I therefore added the explicit attribute below in my AssemblyInfo.cs file:
Although the application I am working on is for internal use only and I probably could have left it at that, I decided to surround the SecurityRules attribute with a ‘COVERAGE’ conditional compilation symbol as I still want to be warned of any other potential issues.
After that all my tests were passing with code coverage enabled. Result!

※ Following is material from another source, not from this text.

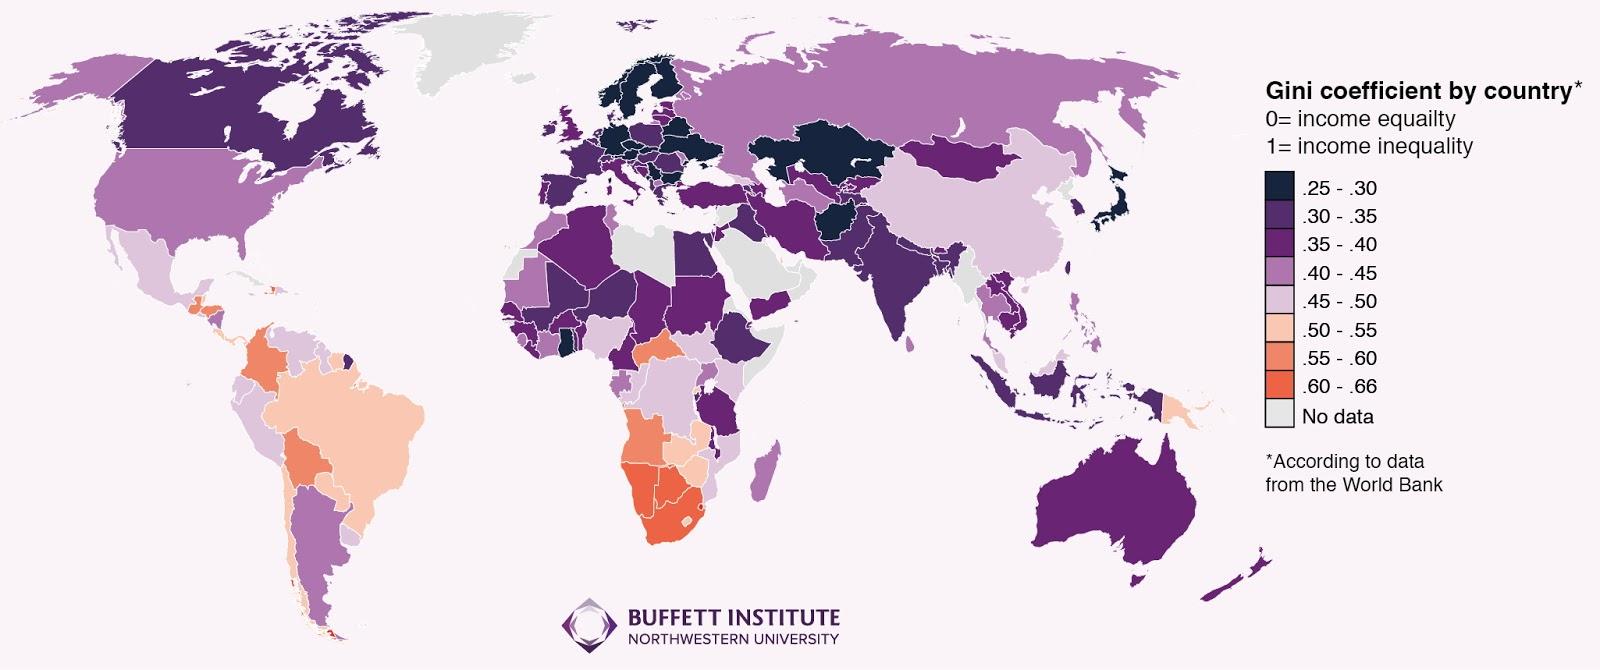 disuguaglianza, mappa con diversi colori

I don't know for sure whether my diagnosis is even close to being 50% correct as I honestly can’t say I fully understand .NET security. Not as much as I should do anyway. Like a majority of Devs, I suspect, I develop most of the time in a fully trusted environment with Admin privileges. I only had to worry about CAS on a few rare occasions. I know, I can hear some say “develop with a user account instead” but let's face it there is a reason most programmers don't: it’s hard and really a pain in the @~!#$. That could also be part of the reason CAS is being superseded.
At least this experience gave me an opportunity to start learning about .NET 4 security and being more aware of potential issues when developing a mixed solution with assemblies compiled against different versions of the framework. Hopefully this might also help some other people who are facing the same problem.
For now I need to return to my tests and get that code coverage back up to an acceptable level. Until next time,
(*) You can find more details on Allowing Partially Trusted Callers.
(**) For a good introductory article on the new security model, check out Exploring the .NET Framework 4 Security Model.